We have added a simple keep alive mechanism to the JMS connections we have discussed in the previous articles. The keep alive build on the streams with auto recovery and triggers a reconnect once a limit of maximum missed keep alives has been reached. The reconnect then triggers the recovery and reconnect as defined for auto recovery.

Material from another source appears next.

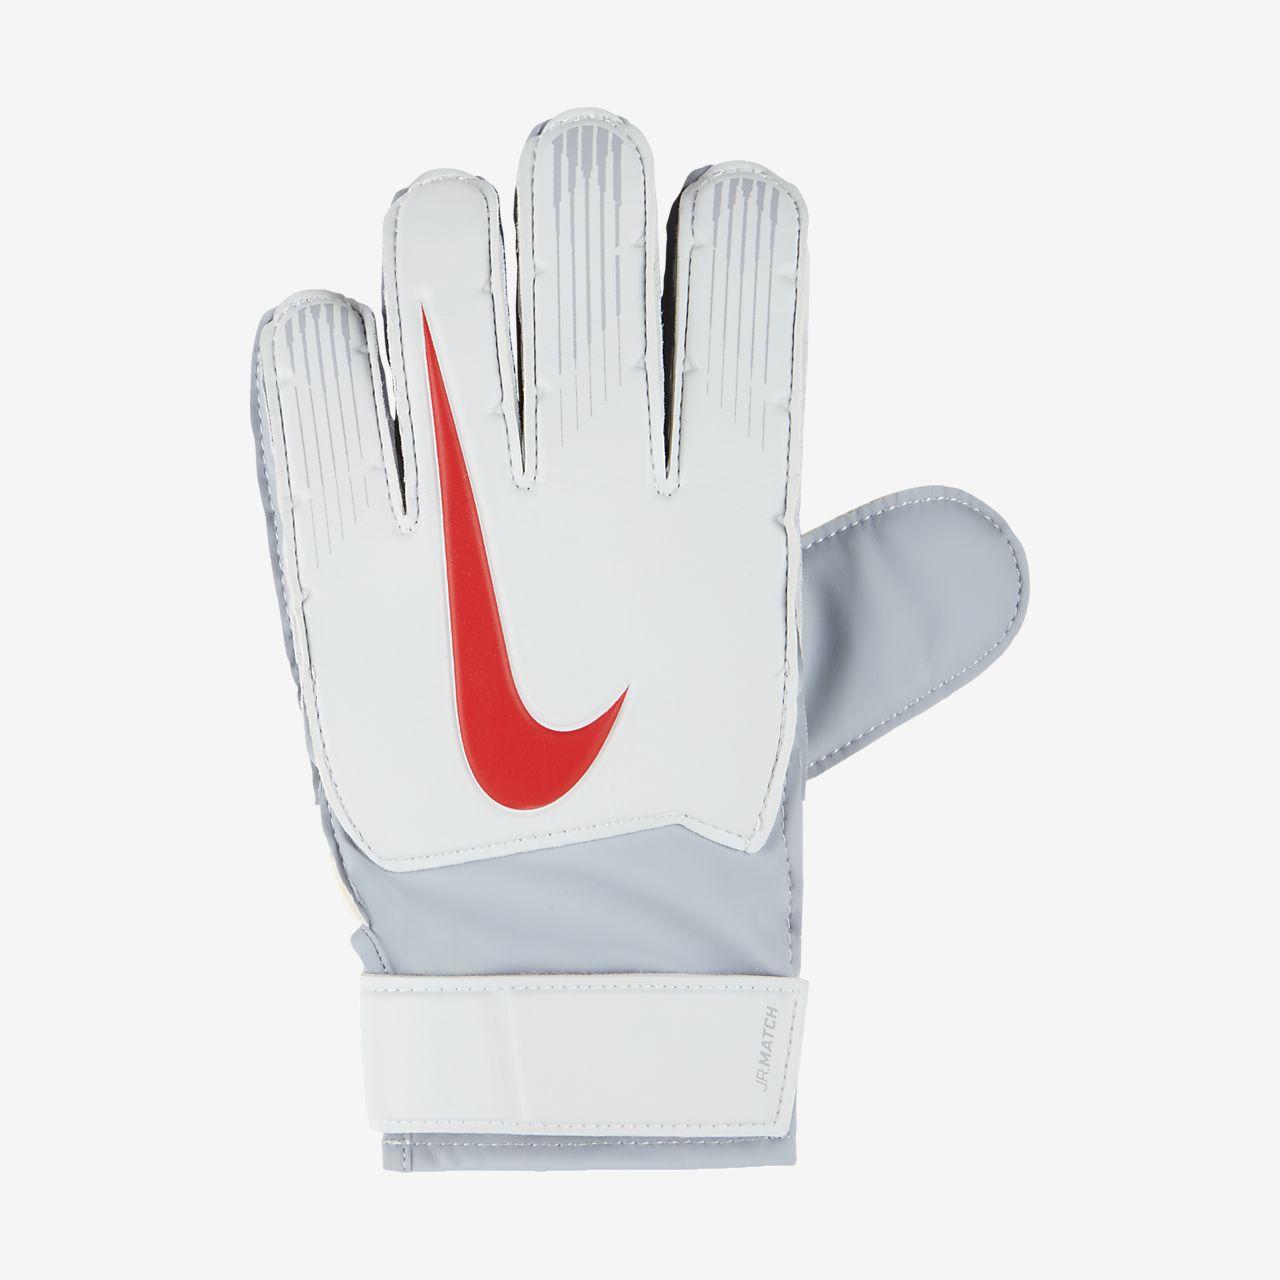 Παιδικά γάντια ποδοσφαίρου Nike Junior Match Goalkeeper

For the users of the stream the keep alive and potential reconnect is completely transparent. Further, the onConnect effect would allow us to instrument the connection factory with other effects - for example to collect metrics or publish JMX information.

Next steps #

Apart from finalizing the API there are more areas to explore:

  • Use defined types rather than only String as message payloads.
  • Support arbitrary message properties.
  • Look into defining message flows on top of streams with error handling and acknowledgements.
  • Explore zio-zmx to visualize the current state of all fibers within a running application (for learning about threads primarily)
  • Build a sample application that represents a JMS bridge
    • Consume message from provider A
    • Send the message to provider B
    • Acknowledge the message if and only if the send was successful, otherwise pass the message to a retry handler
    • Replay messages from the retry handler up to a given retry count until the send was successful. If the maximum retries have been reached or a given amount of time has passed before the send was successful, the message shall be processed by an error handler.
    • Messages in the retry handler shall be persisted and survive an application restart.